1. Contact pressure data from PSM
2. Physiologic monitor data including blood oxygen saturation (SpO2), heart rate (HR), pulse rate (PR), respiratory rate (RR), and the alarms associated with each of these physiologic data streams. This data is collected from monitors that the patient has attached as part of their usual care.
3. Video of the patient
4. Event annotations collected by a bedside research assistant on a PC, laptop or tablet.
* All data will be de-identified using unique study identifiers. The NICU research team will assign these study identifiers and keep this information on a Master Study List separate from all recorded data.
* The PSM connects to an X3 Pro Sensor Pack that feeds into an X3 Pro Electronic Platform that is connected via USB to a laptop running the X3 Pro software. The X3 Pro software is used to record PSM data and video simultaneously. The PSM is powered from an approved AC power supply and is connected to the data acquisition computer via USB. The XSensor PSM system is already being used with adult patients, however, the electrical safety of our final configuration will also be established through independent inspection (see below). The pressure mat will be covered by one or more bedsheets at all times. The baby will not be permitted to come in contact with the mat to reduce the risk of electrical shock and airway obstruction.
* Bench tests will be conducted by CHEO Clinical Engineering to confirm that leakage current measurements from the mat and the entire system will meet the limits published in Requirement EN60601. If any deficiencies are identified alternations to the system will then be completed prior to a special inspection by Canadian Standards Association (CSA). A special electro medical inspection will be arranged with CSA for the final configuration of PSM, laptop, and power supplies.
* The video camera will be mounted on a tripod to capture patient movements, routine care, and clinical interventions if any. We will capture the entire body, the head being very important as this is where most interventions occur such as nasal gavage feeding, ventilator support and airway suctioning. Video analysis has shown to be particularly useful for estimating RR in neonates \[39\].

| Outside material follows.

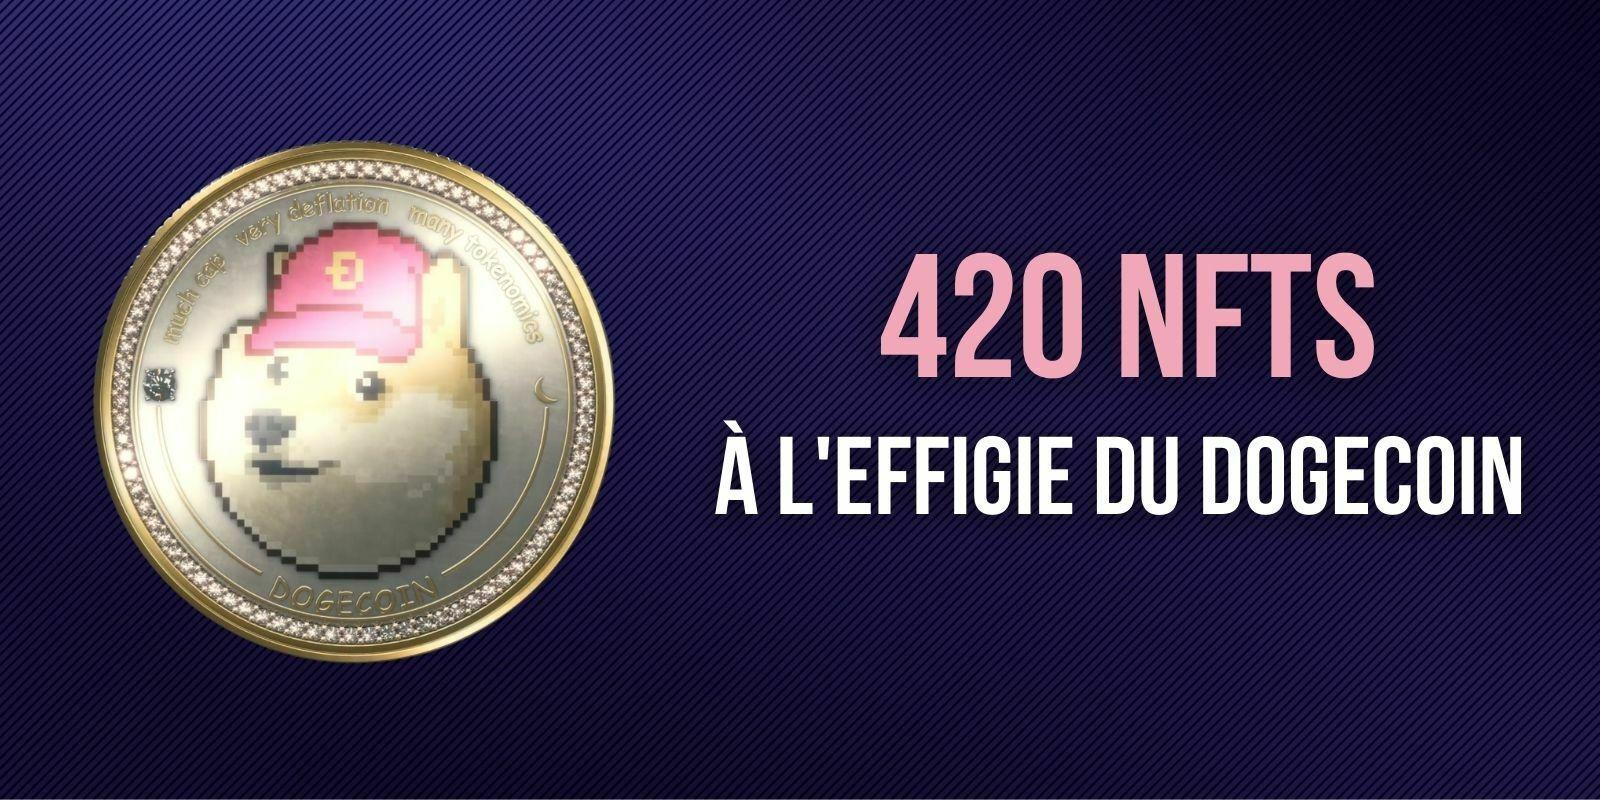 Le co-créateur de Dogecoin (DOGE) vend une série de 420 NFTs du Shiba
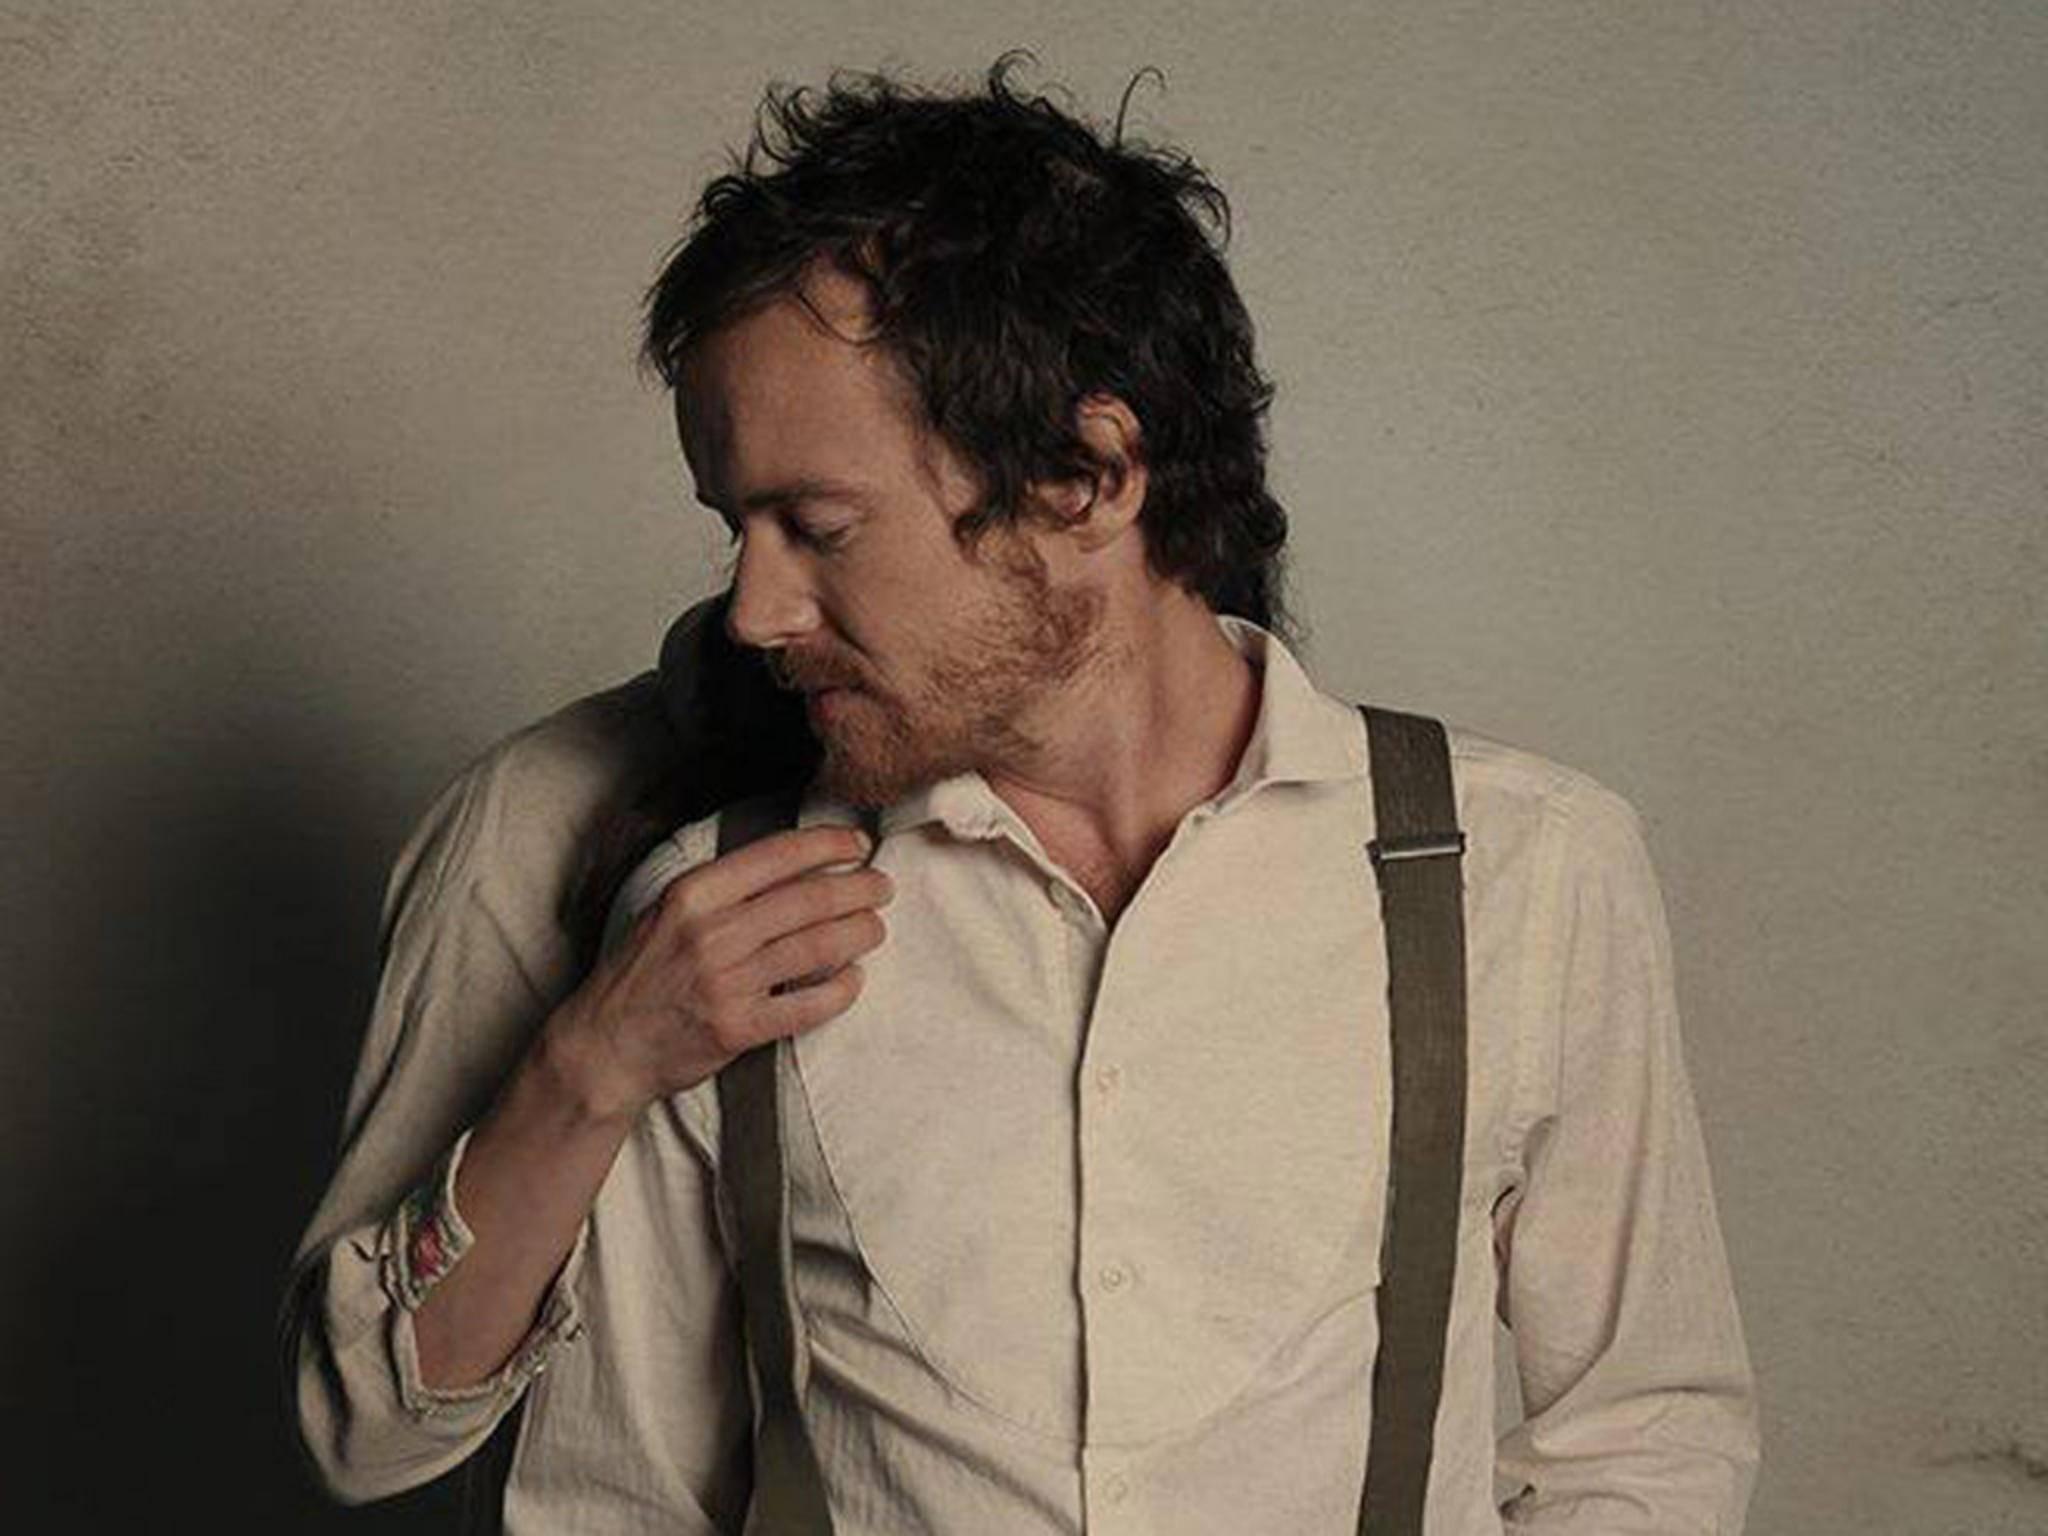 Auch der irische Singer-Songwriter Damien Rice kennt sich mit Herzschmerz aus.

* A bedside research assistant (RA) will manage all data recordings on a computer kept by the patient's bedside for up to 6 hours per recording session.
* Physiologic data including the patient's heart rate (HR), respiratory rate (RR), oxygen saturation levels (SpO2) and pulse rate (PR) as well as corresponding alarms for each data stream shall be logged from the bedside Dräger patient monitor onto a computer.
* The RA will simultaneously annotate all patient events including movements, routine care, and clinical interventions on an electronic device such as a PC, laptop, or tablet.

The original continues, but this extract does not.